It's a curious, rather sad tale.
So he resigned, he'd been captain for about three years.
He came in after the ball tampering scandal of 2018, see Bugle 4064, for details.
The idea was that he was supposed to lead a new better behaved, more open, more honest Australian team, but he's now had to resign because of these photographs of his of his groinels.
It's a confusing story because, I mean, of all the many design flaws in on God's Earth, the
male gonadulums have got to be r right up there aesthetically, surely.
Yeah, you don't you don't I mean you'd b okay.
One oughtn't to lead with the junk, I feel.
I feel I I feel like the whole sort of courtship process is as a pre-apology.

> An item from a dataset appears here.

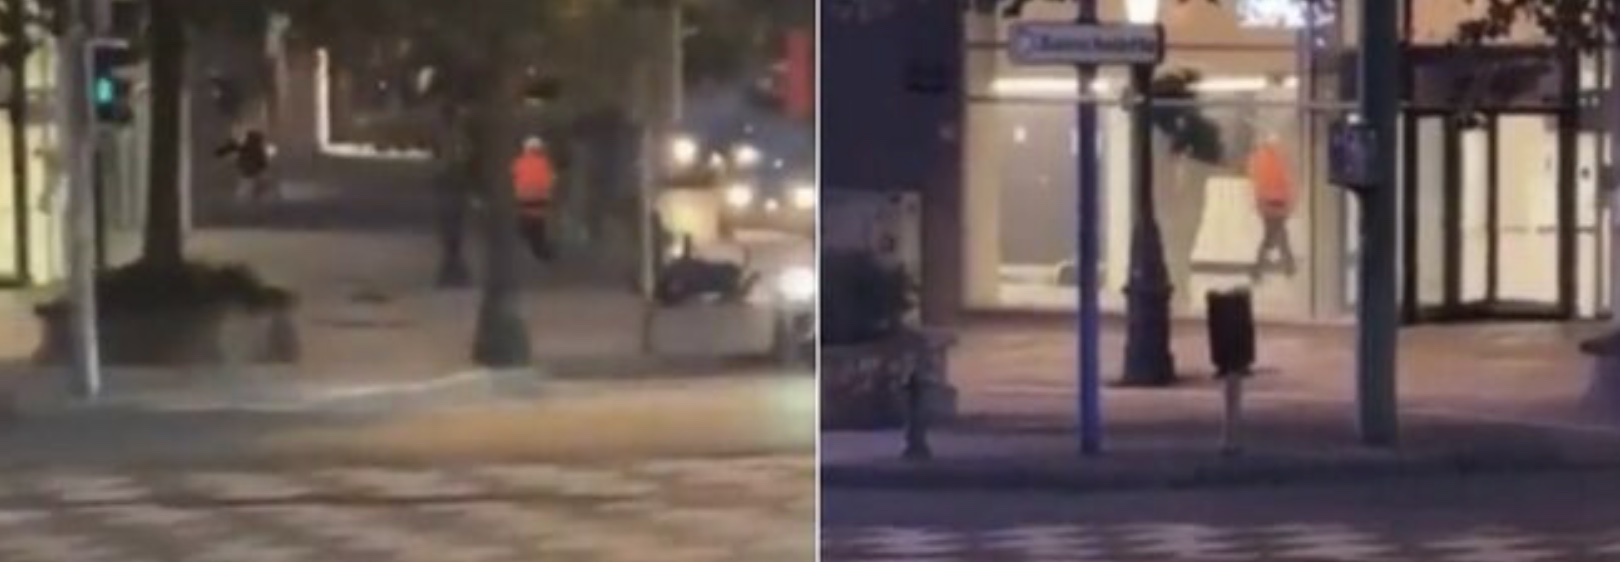 Tiroteo en Bruselas, dos muertos y un herido: seguimos la pista terrorista
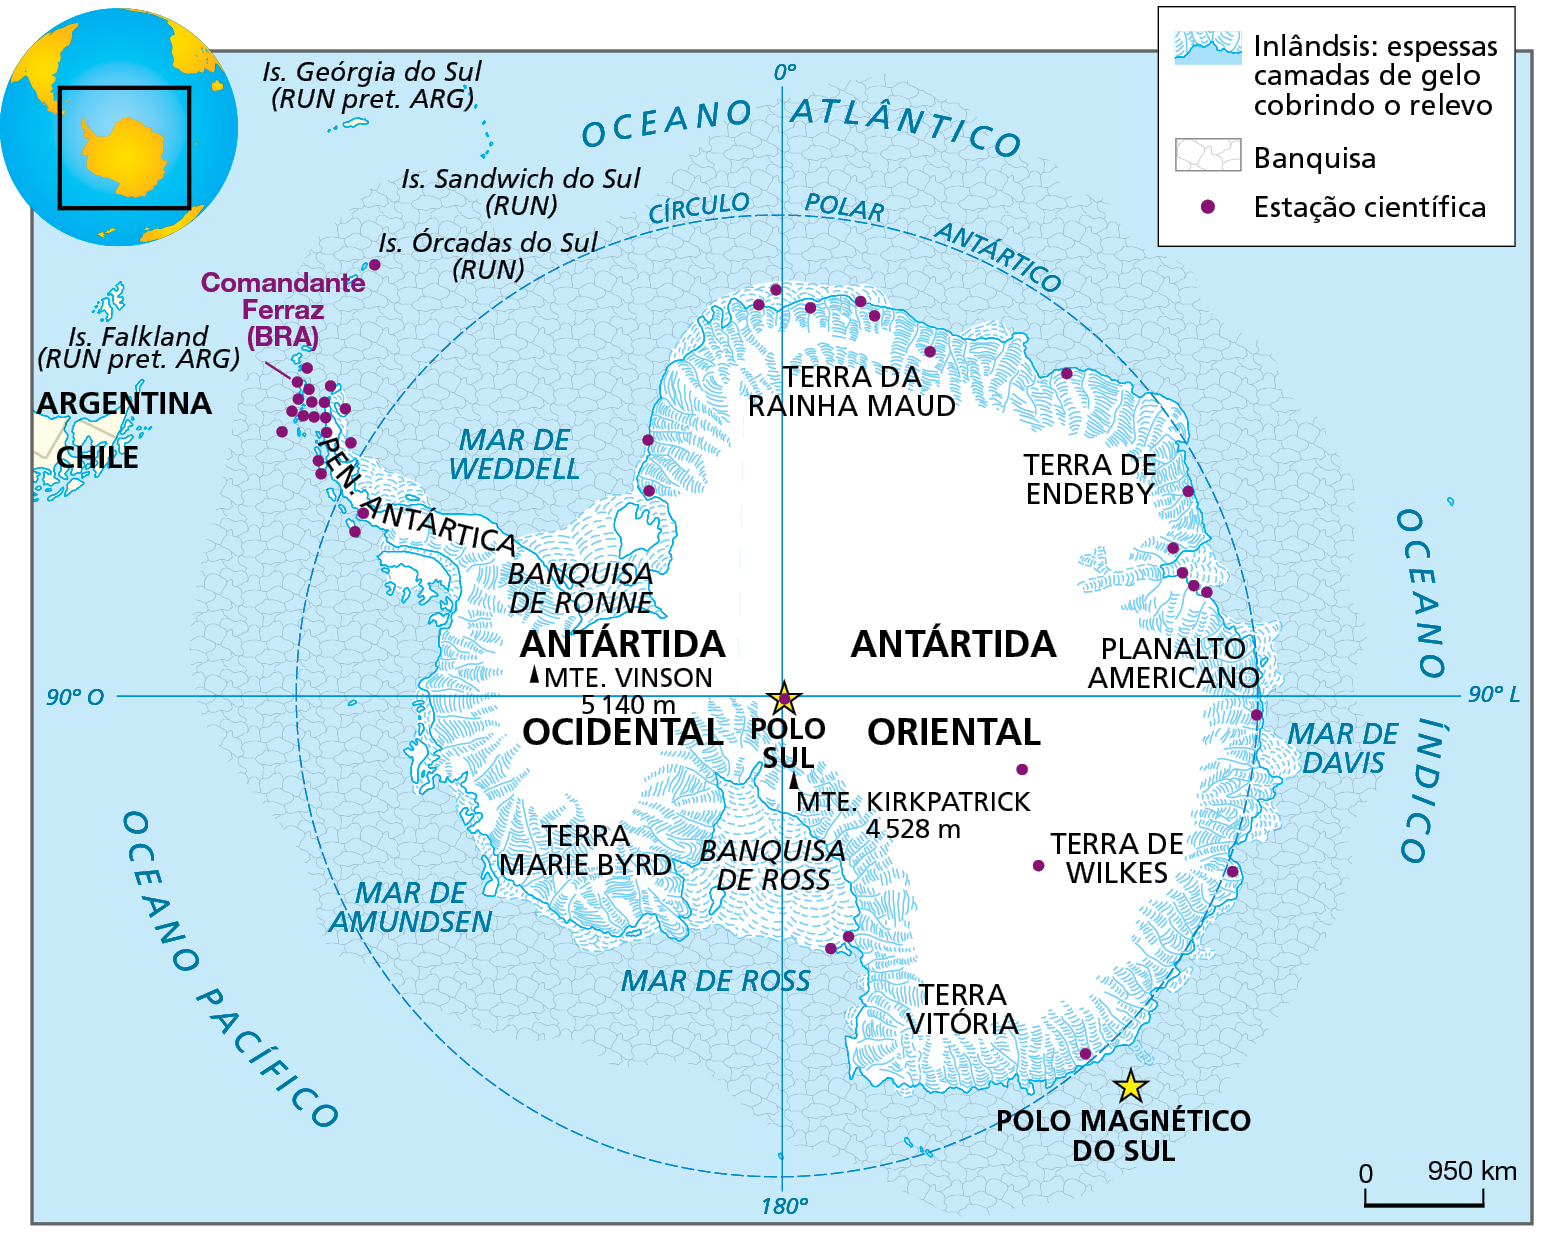 Mapa. Antártida. Mapa da região da Antártida, representando as áreas de inlândsis (espessas camadas de gelo cobrindo o relevo), regiões de banquisa e localização das estações científicas.  O território da Antártida está em sua maior parte dentro da área delimitada  pelo Círculo Polar Antártico, cercada de banquisas. No centro do círculo está o Polo Sul, no cruzamento entre o meridiano zero grau/180 graus e o paralelo zero grau/90 graus, indicado por uma estrela vermelha. Abaixo e à direita, uma estrela amarela representa o Polo Magnético do Sul. À esquerda do meridiano zero grau está a Antártida Ocidental, onde se localiza a Banquisa de Ronne, o Monte Vinson, com 5.140 metros de altitude, a Terra Marie Byrd, uma parte da Banquisa de Ross e a Península da Antártica, além do Mar de Weddell, mar de Amundsen e Mar de Ross. Nessa península se localizam diversas estações científicas, entre elas, a estação científica brasileira Comandante Ferraz. À direita do meridiano está a Antártida Oriental, onde se localizam a Terra de Enderby, o Planalto Americano, a Terra de Wilkes, a Terra da Rainha Maud, a Terra Vitória, parte da Banquisa de Ross e o Monte Kirkpatrick, com 4.528 metros de altitude, além do Mar de Davis.  Na parte inferior direita do mapa, escala de 0 a 950 quilômetros.

If your penis is the most attractive thing about you, you have a problem.
Or an incredibly attractive penis.
But you know what I mean?
It's just sort of not
the thing.
Yes.
As far as I know, the thing that I very much enjoy about a sexting scandal is that we find out what middle-aged men think, women think is sexy, and they're wrong.
I feel like
instead of firing people from their jobs you should give them a reading list, you know,
Napoleon's letters to Josephine or
Frida Carlo to Diego Rivera or just some Shakespeare, just
the best of grinder, anything
with some spark and flair.
Right.
It's just so embarrassing to read sexting scandal sexts.
They're not good quality.
So why not send
a nice photograph of Michelangelo's David's junk?
Because
it's beautifully sculpted.
There's a bit more to it, really.
Yeah, yeah.
Or do something.
Okay,
I would forgive a sexting if it had creativity involved.
Yes.
Although that said, there was that senator in America who sort of flopped his into a glass of wine or something.
Do you remember that?
Yeah, I mean, that's, I mean,
it is confusing, you know, the etiquette of what you're supposed to do at a wine tasting.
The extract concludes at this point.